■ **INSTRUCTIONS FOR THE TASK**:
Everything in the listing must be repeated exactly, apart from the images.

■ **GIVEN MATERIAL**:
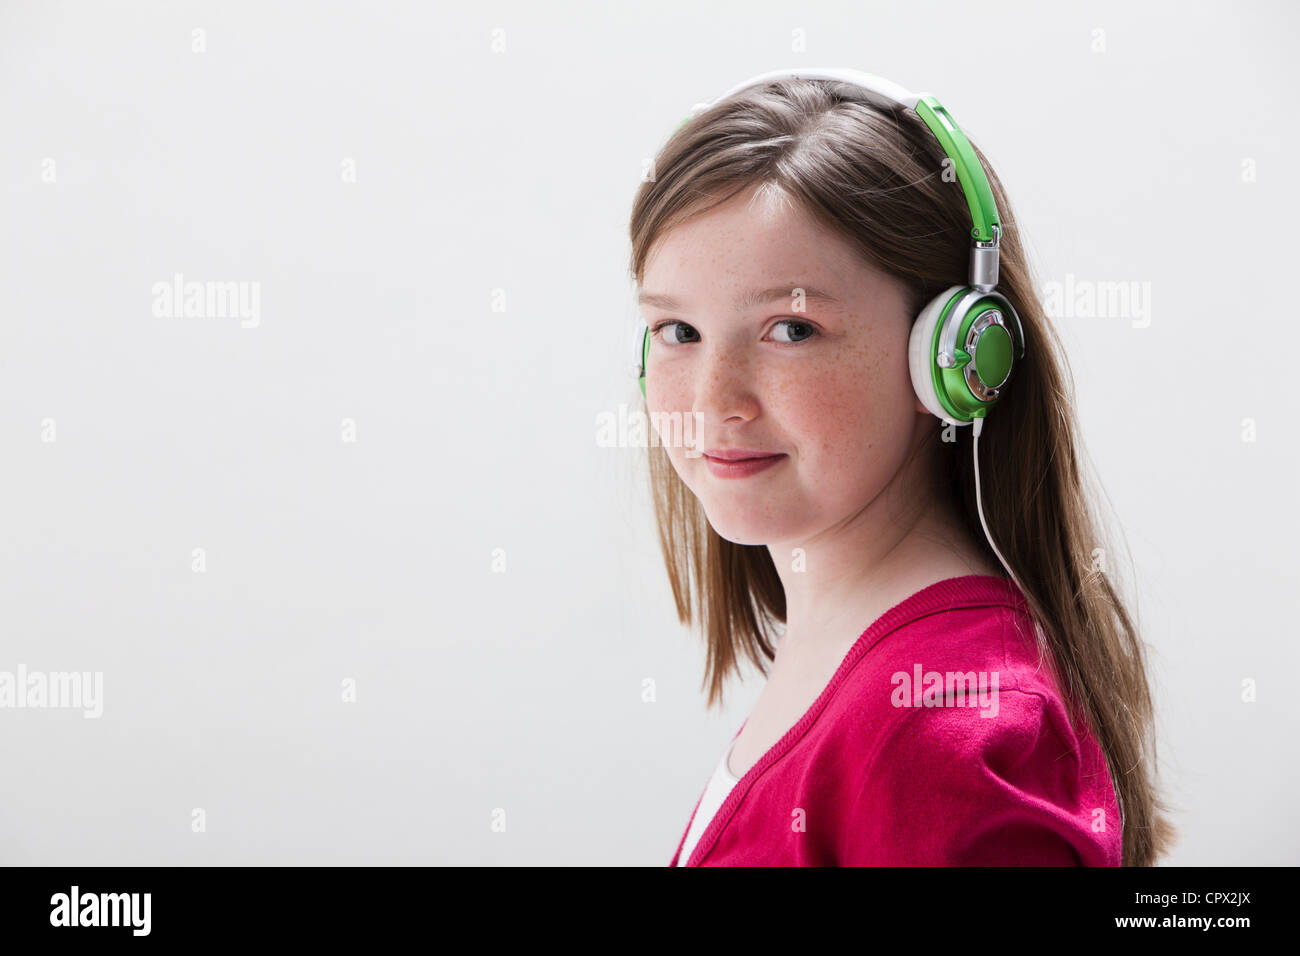 Girl in red wearing headphones, studio shot Stock Photo
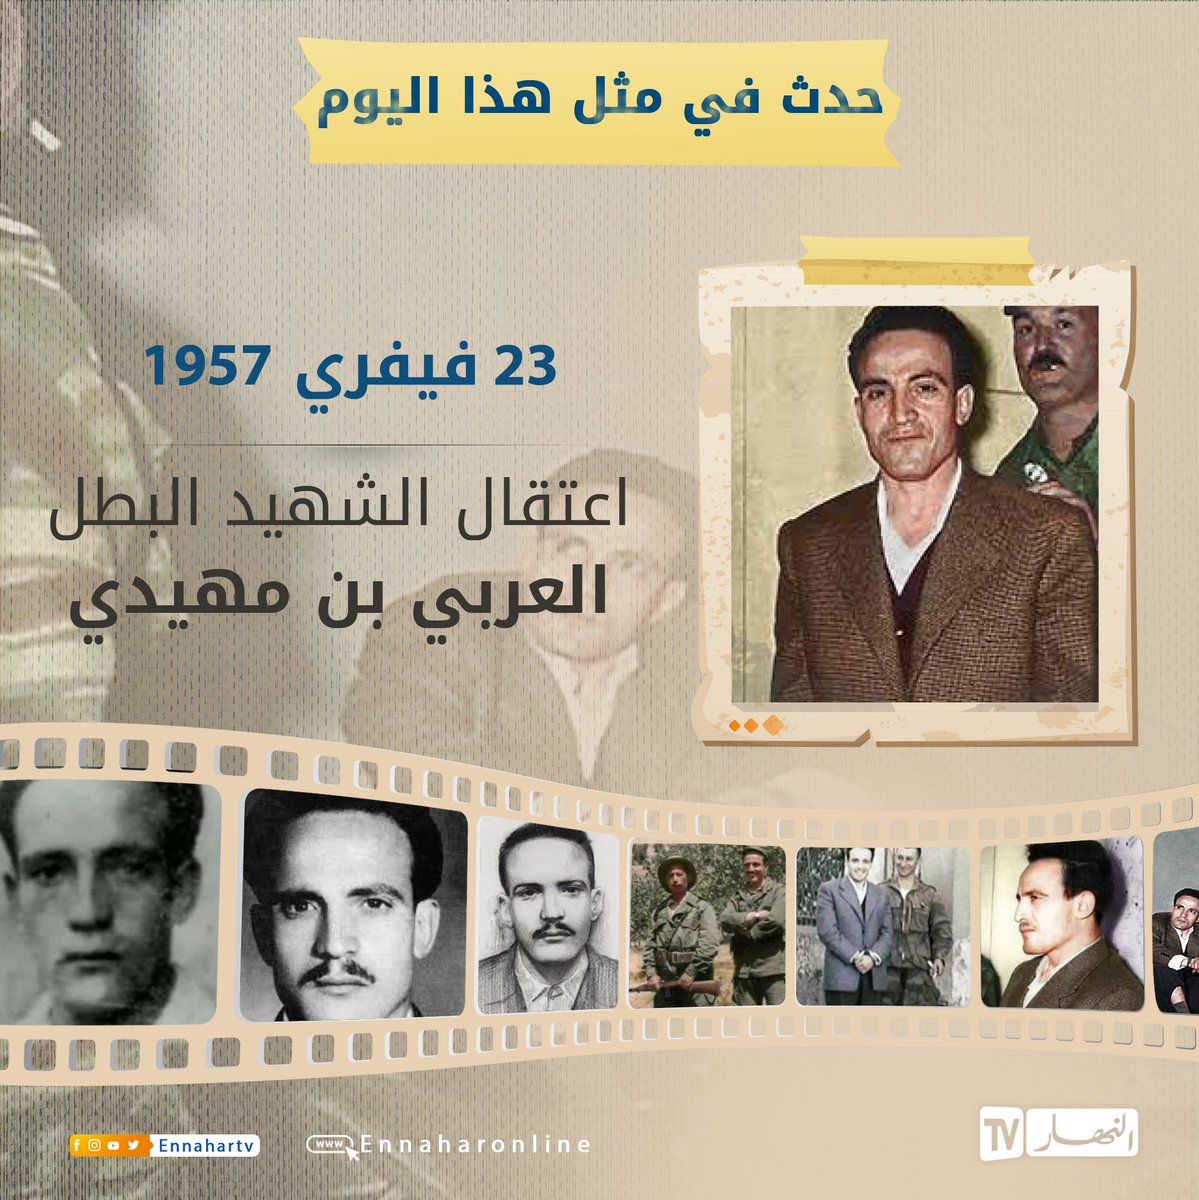 حدث في هذا اليوم... 23 فيفري 1957 تم اعتقال الشهيد البطل العربي بن مهيدي 🇩🇿🇩🇿
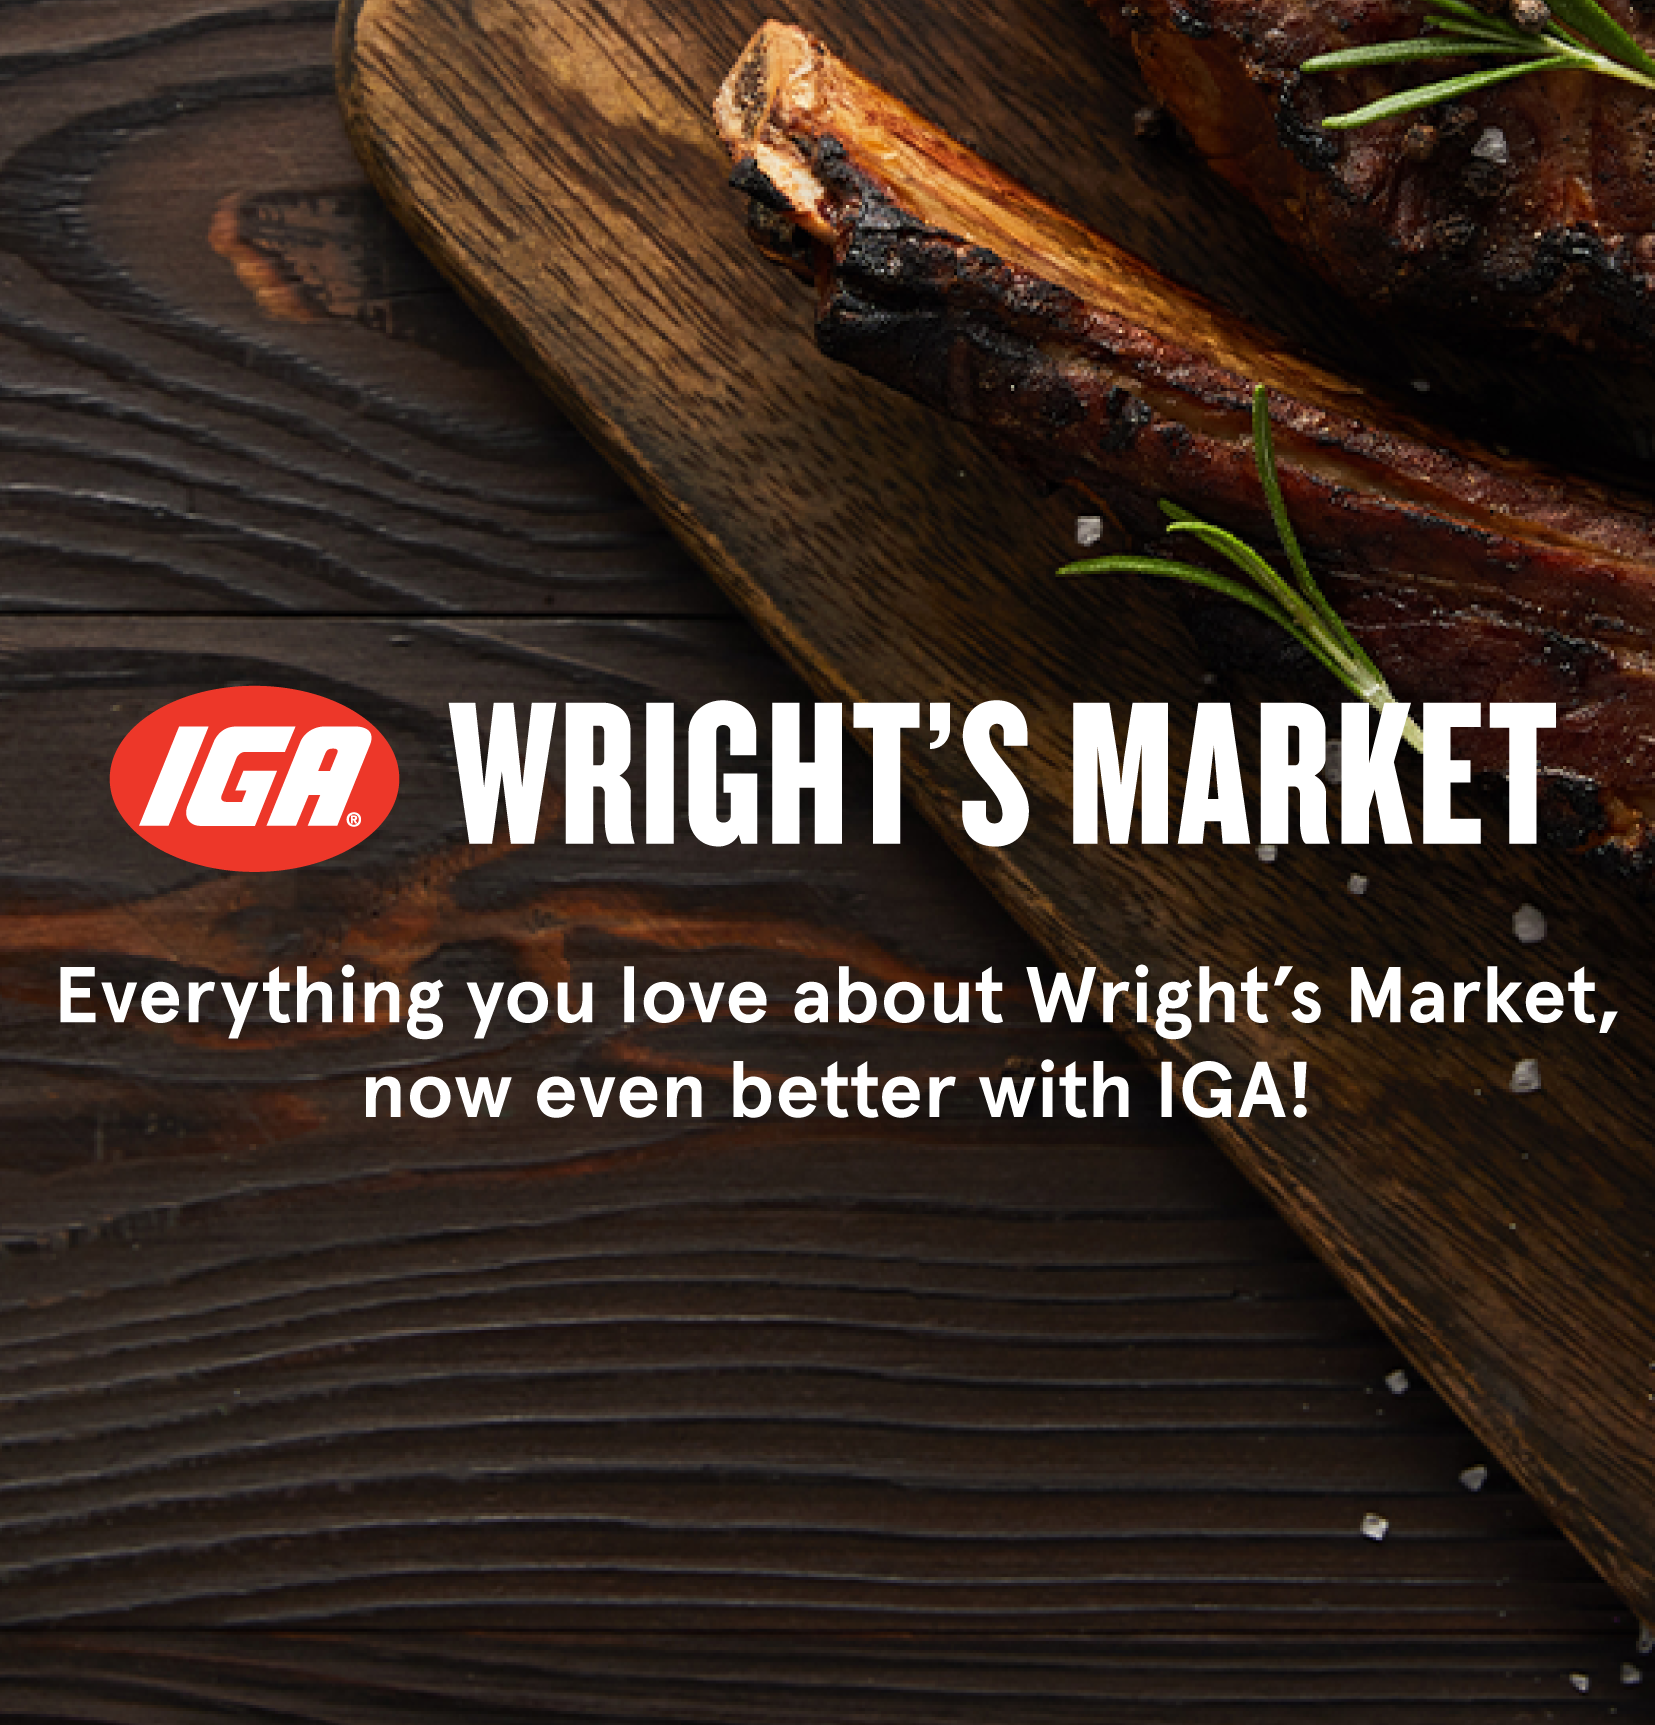 Image of Wright's Market logo on wood grain background
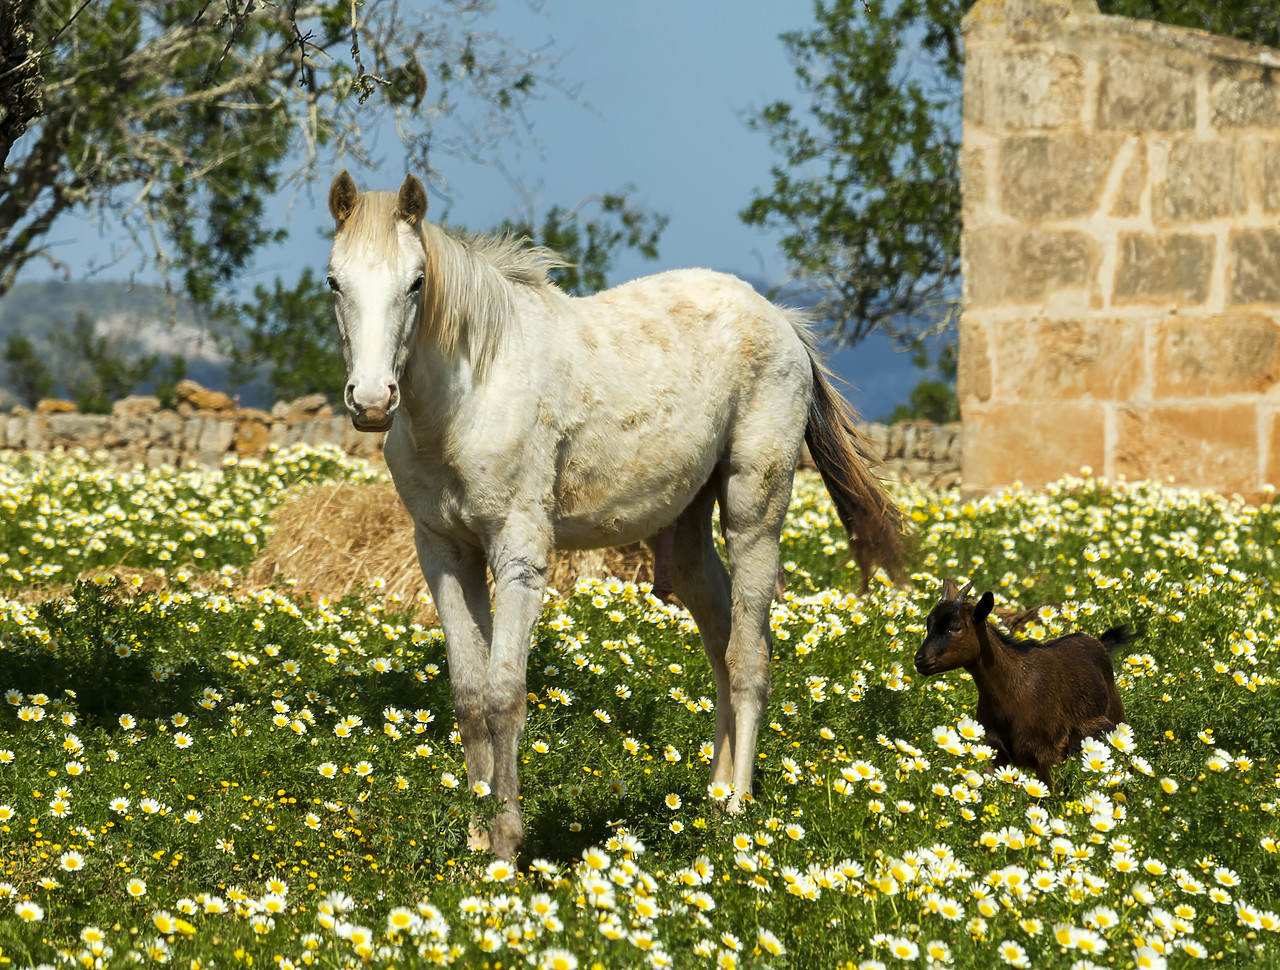 #180151-1 - Horse & Goat in Field of Wildflowers, Mallorca, Balearics, Spain

■ **RESULT OF THIS TASK**:
 Girl in red wearing headphones, studio shot Stock Photo
 حدث في هذا اليوم... 23 فيفري 1957 تم اعتقال الشهيد البطل العربي بن مهيدي 🇩🇿🇩🇿
 Image of Wright's Market logo on wood grain background
 #180151-1 - Horse & Goat in Field of Wildflowers, Mallorca, Balearics, Spain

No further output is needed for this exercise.